**Exercise brief:** Among the lines of data below, reproduce only those from the one with "La Roche Posay" through the one with "Scan Apk Free", exactly as they stand, both ends included.

**Exercise data:**
####
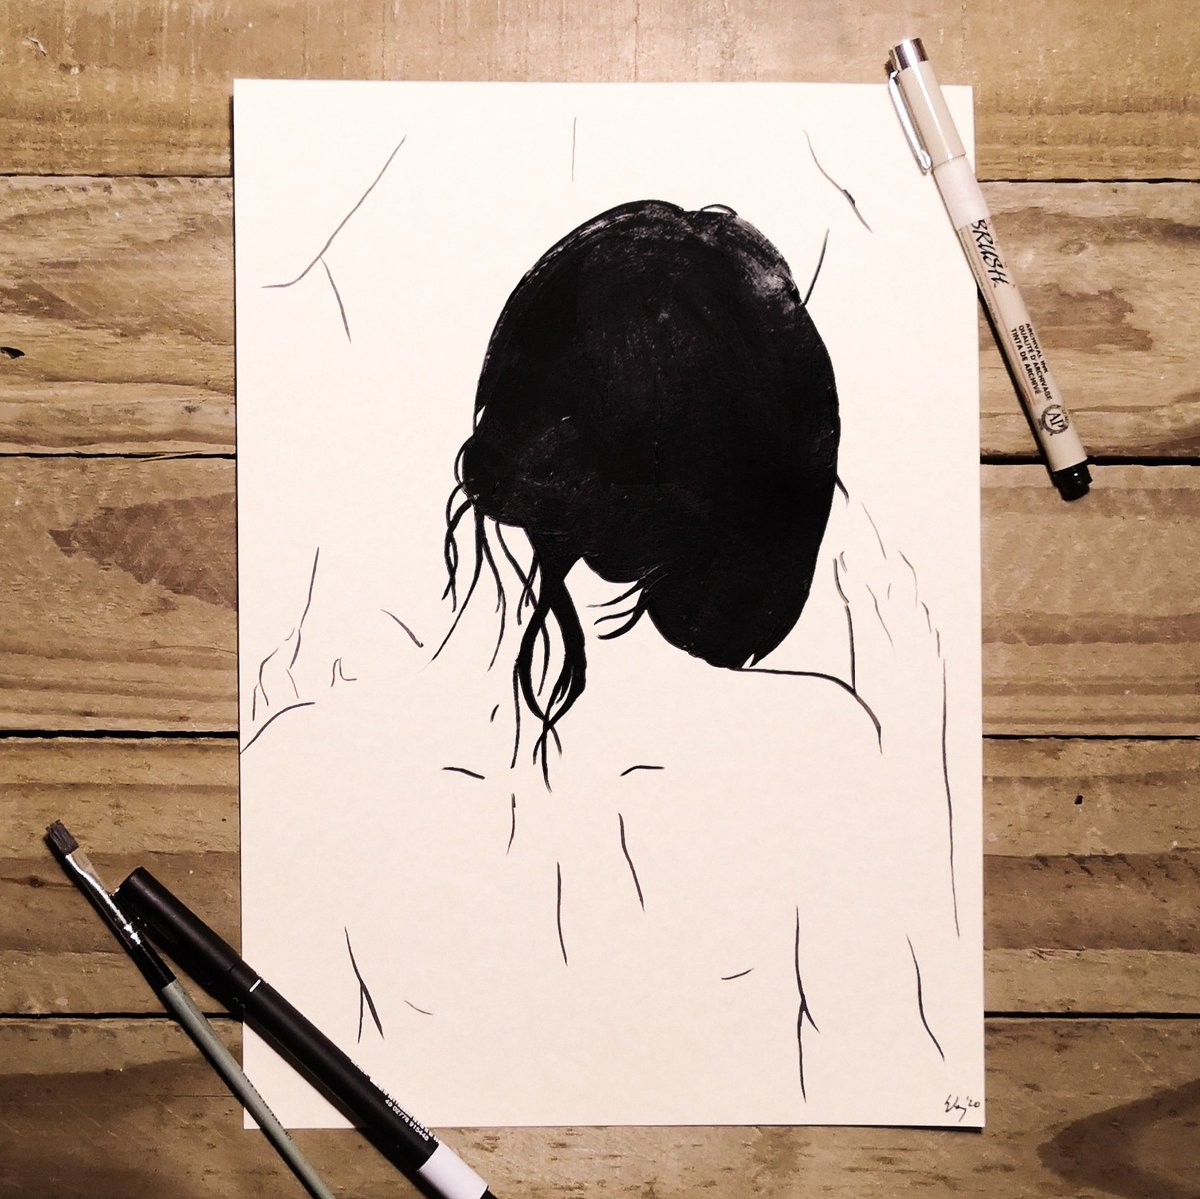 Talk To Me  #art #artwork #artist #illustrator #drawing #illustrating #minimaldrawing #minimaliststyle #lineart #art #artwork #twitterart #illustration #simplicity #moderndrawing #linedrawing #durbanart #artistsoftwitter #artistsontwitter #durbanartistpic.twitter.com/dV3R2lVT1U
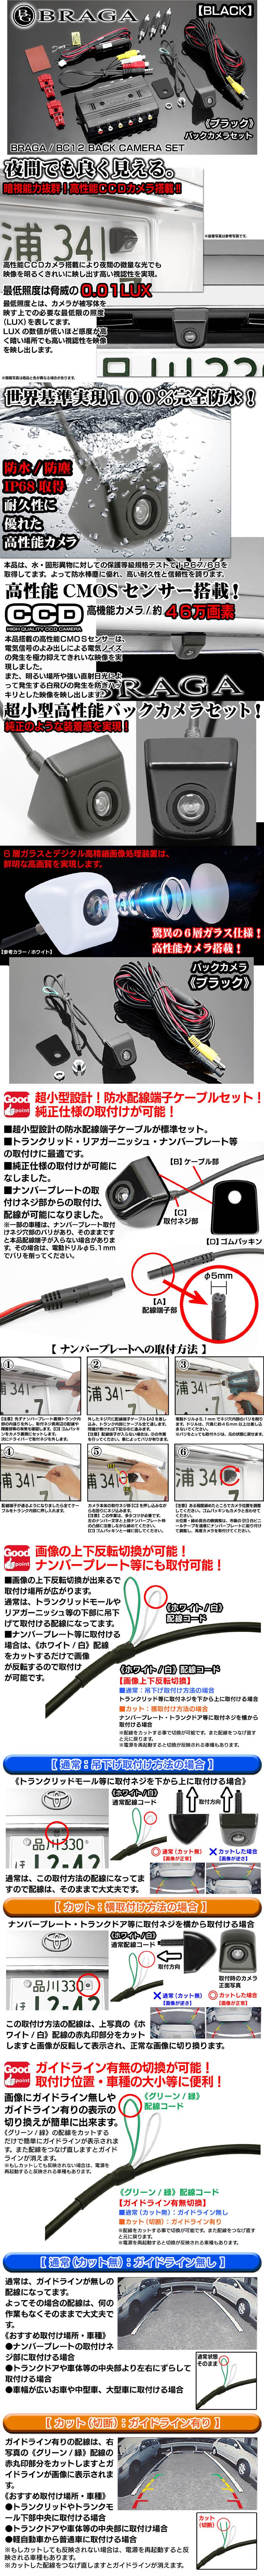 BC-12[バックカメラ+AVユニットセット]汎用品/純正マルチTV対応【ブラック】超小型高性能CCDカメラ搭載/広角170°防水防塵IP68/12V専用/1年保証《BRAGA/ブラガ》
####
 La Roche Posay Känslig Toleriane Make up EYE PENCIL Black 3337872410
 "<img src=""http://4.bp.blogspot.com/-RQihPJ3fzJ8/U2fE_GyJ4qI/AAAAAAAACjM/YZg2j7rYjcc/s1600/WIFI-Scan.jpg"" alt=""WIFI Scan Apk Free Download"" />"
####
**Result of the task:**
 La Roche Posay Känslig Toleriane Make up EYE PENCIL Black 3337872410
 "<img src=""http://4.bp.blogspot.com/-RQihPJ3fzJ8/U2fE_GyJ4qI/AAAAAAAACjM/YZg2j7rYjcc/s1600/WIFI-Scan.jpg"" alt=""WIFI Scan Apk Free Download"" />"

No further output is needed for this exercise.